Он увидит Марию и детей.
— Боюсь, капитан, ничего другого не остается. Но если Их Сиятельства сочтут уместным послать вас с вашим новым кораблем сюда, я буду безмерно рад.
— Что за человек ваш первый лейтенант? — спросил Бентик.
— Ну, милорд, — Хорнблауэр посмотрел сперва на Бентика, потом на Коллингвуда. Ему было неловко прилюдно обличать даже никчемного Джонса. — Неплохой в общем человек. То, что он Джон Джонс девятый в лейтенантском списке, очевидно, затрудняло его продвижение по службе.
В холодных глазах Бентика мелькнула усмешка.
— Полагаю, в списке сицилийского флота он будет Джоном Джонсом первым.
— Полагаю, что так, милорд.
— Вы думаете, он согласится стать капитаном у короля двух Сицилий?
— Меня удивил бы его отказ.
У Джонса не будет другого случая сделаться капитаном, и Джонс, вероятно, это знает, хотя, наверно, оправдает свое решение какими-то другими мотивами.
Коллингвуд снова вмешался в разговор.
— Жозеф Бонапарт в Неаполе недавно тоже объявил себя королем двух Сицилий. Всего получается четыре Сицилии.
Теперь все трое улыбались, и лишь в следующую минуту к Хорнблауэру вернулось сознание его потери. Он вспомнил, что придется оставить судно, доведенное им до совершенства, команду, которую он с такими стараниями вымуштровал, службу в Средиземноморском флоте. Он повернулся к Коллингвуду.
— Каковы будут ваши распоряжения, милорд?
— Вы, конечно, получите их в письменном виде. Устно же я приказываю вам не двигаться с места до официального уведомления о передаче вашего судна под Сицилийский флаг. Вашу команду я раскидаю по эскадре — применение им найдется.
В этом можно не сомневаться — любой из капитанов будет счастлив заполучить превосходных моряков.
— Есть, милорд.
— Князя я возьму на флагман — у меня есть вакансия. Князь семь месяцев прослужил на военном шлюпе и многому научился. На флагмане он не узнал бы этого иза семь лет.

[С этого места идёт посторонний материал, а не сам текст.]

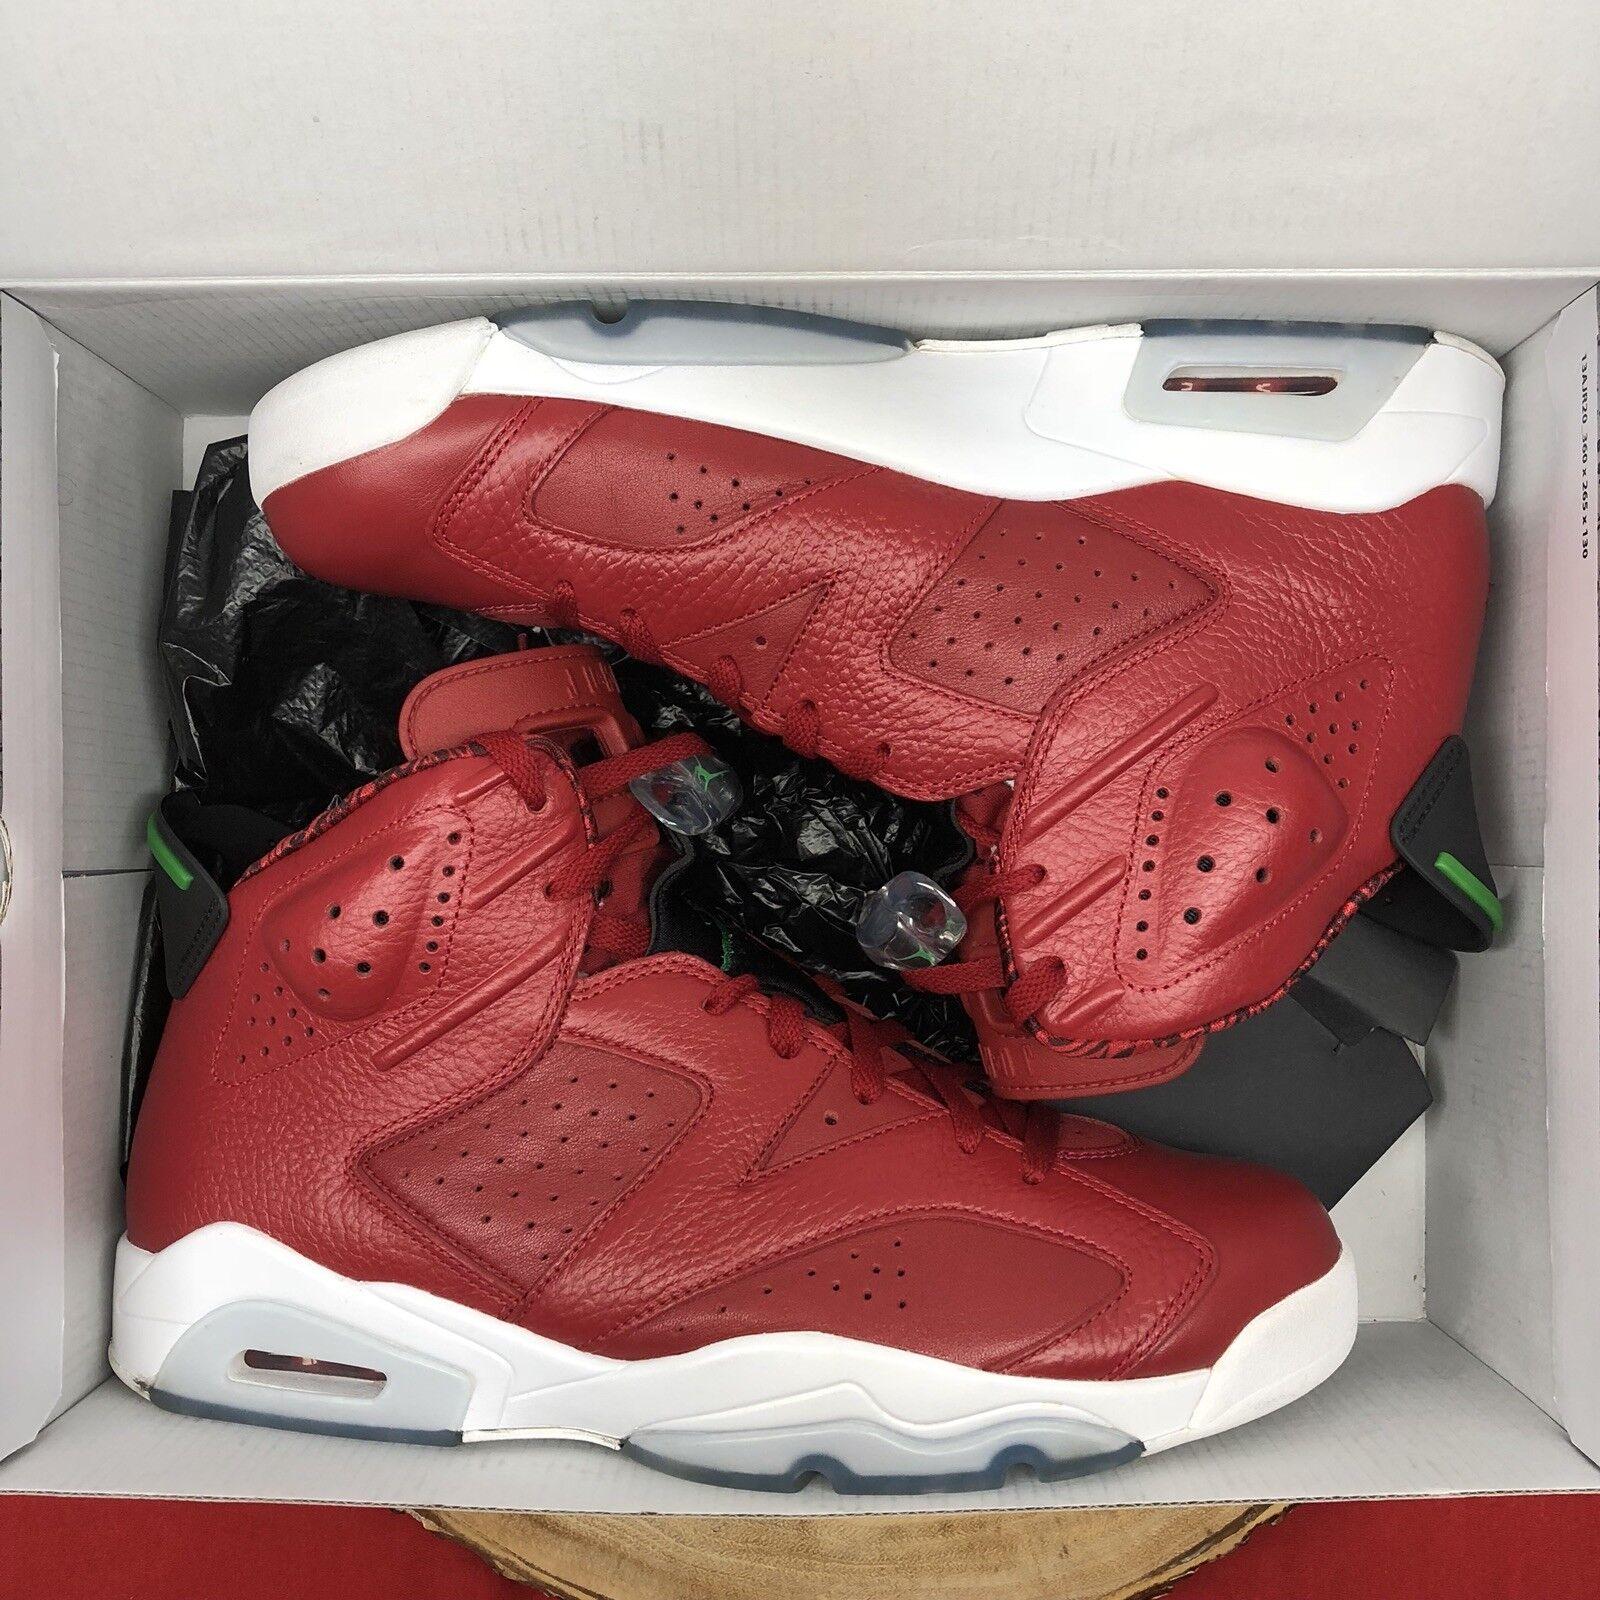 Nike Air Jordan Retro VI Spizike History Of Flight Red October SZ 12 694091 625

— Есть, милорд. — Хорнблауэр помолчал — ему трудно было продолжать. — А ваши приказы мне лично?
— «Орел» — пустое транспортное судно для перевозки войск — отбывает в Портсмут без сопровождения. Это быстроходное судно. Собирается ежемесячный конвой, но это дело долгое. Как вы знаете, я обязан обеспечить охрану судов только до Гибралтара, поэтому, если вы решите следовать на королевском судне, там вам придется пересесть. Насколько сейчас можно сказать, эскортировать конвой будет «Пенелопа». А когда я смогу отпустить «Темерэр» — Бог весть, когда это будет — я отправлю его прямиком в Англию.
— Да, милорд.
— Выбирайте сами, капитан, что вам удобнее, а я составлю приказы соответственно. Можете отплыть на «Орле», на «Пенелопе» или подождать «Темерэр» — как вам будет угодно.
«Орел» отплывает в Портсмут прямо сейчас, это быстрое судно и оно идет в одиночку. Через месяц, а если ветер будет попутный то и быстрее, Хорнблауэр сойдет на берег в полумиле ходьбы от Марии, от детей. Через месяц он сможет подать в Адмиралтейство прошение о новом назначении. Быть может, ему действительно дадут фрегат — он не хотел упускать свой шанс. Чем раньше, тем лучше. И он увидит Марию и детей.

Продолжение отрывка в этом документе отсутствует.